Revista PODIUM, May-August 2019; 14(2): 129-132

 

Translated from the original in spanish

 

Sport hunting in Cuba on the road to sustainability

 

La caza deportiva en Cuba en el camino hacia su sostenibilidad

 

Luis Alberto Cuesta Martínez

Universidad de Pinar del Río, "Hermanos Saíz Montes de Oca", Facultad de Cultura Física "Nancy Uranga Romagoza". E-mail: luis.cuesta@upr.edu.cu


Hunting is an activity with strong cultural roots that has been practiced uninterruptedly since the dawn of humanity. This constitutes a form of exploitation of fauna as a renewable natural resource very widespread in the world, either as a source of food, especially traditionally, or in less developed countries, or as a leisure activity. Arroyo and others, (2013).
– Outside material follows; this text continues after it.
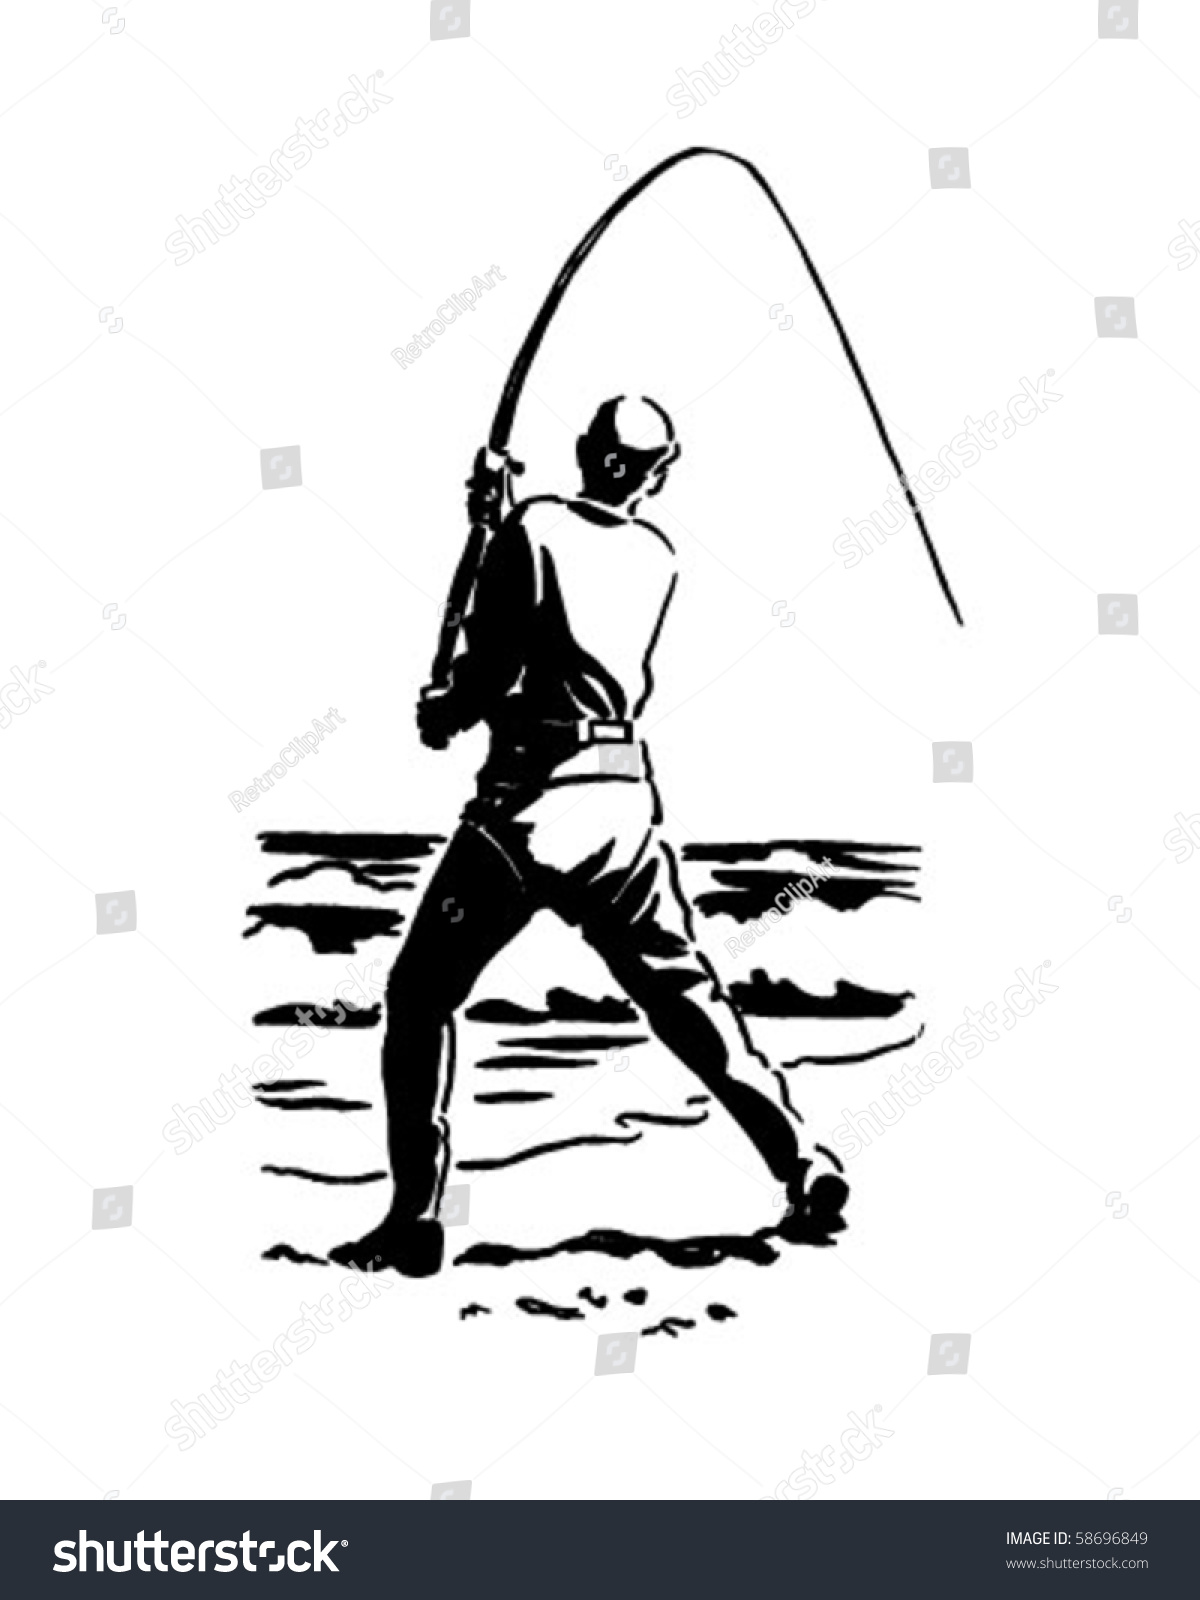 fly fisherman clipart free - photo #44
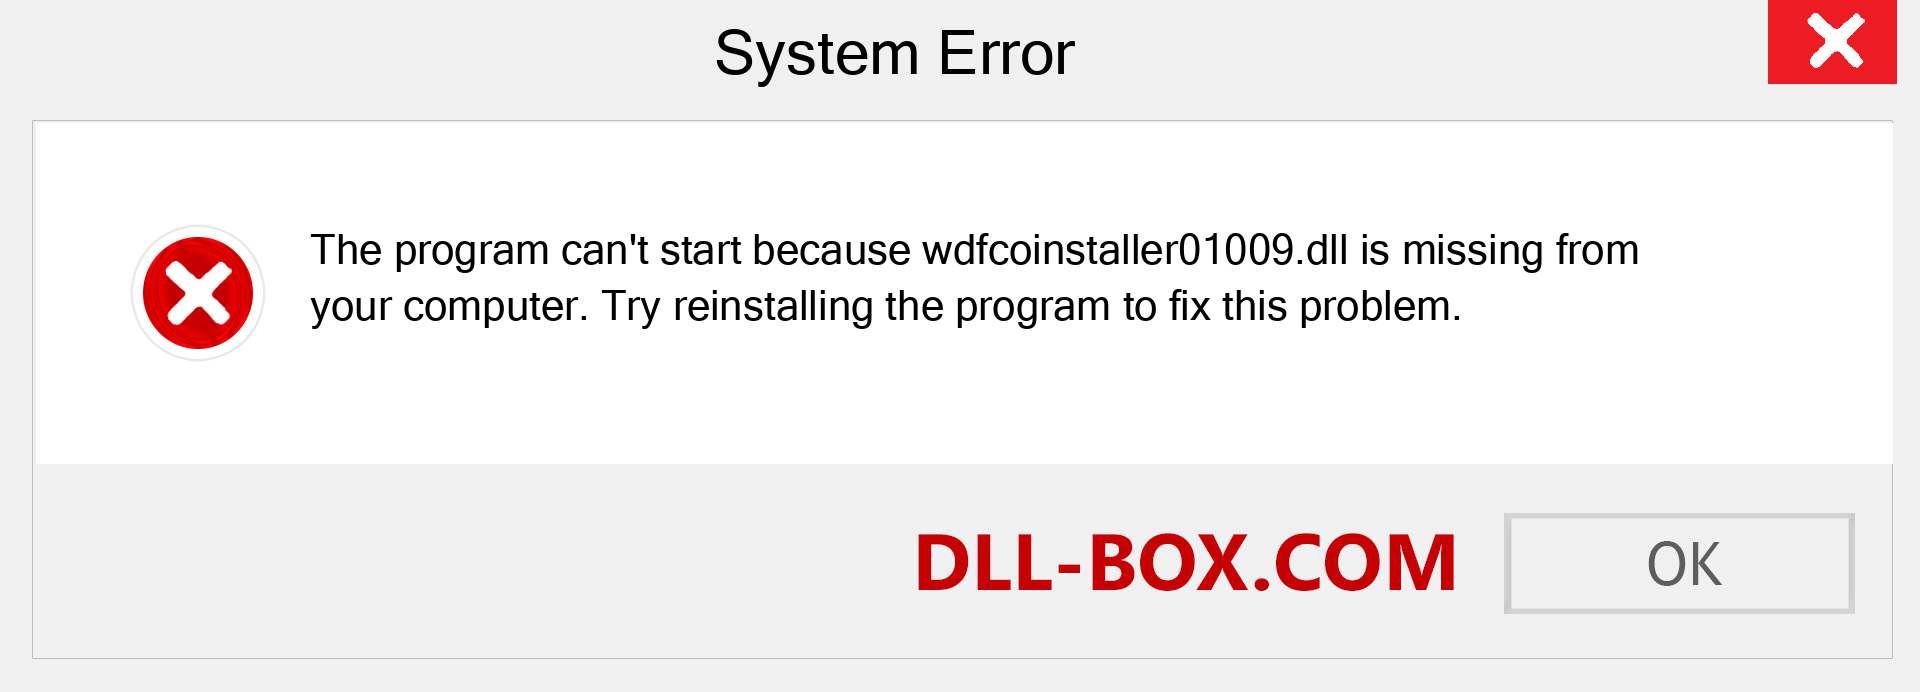  wdfcoinstaller01009.dll file is missing?. Download for Windows 7, 8, 10 - Fix  wdfcoinstaller01009 dll Missing Error on Windows, photos, images

Nowadays, in the most developed countries, hunting is consolidated as a recreational-sports practice, with an important economic and social component. Although the sporting approach could be justified from the moment in which competitions are maintained and federations exist, in reality it is a merely recreational activity; those who practice it do it for fun and it is linked to a use regulated by specific rules, related to the hunt itself and to the conservation of nature.

The sustainability of hunting today is a concern in many parts of the world, the subject is very controversial, has led to a clear polarization against or in favor of it. Chamizo, (2004).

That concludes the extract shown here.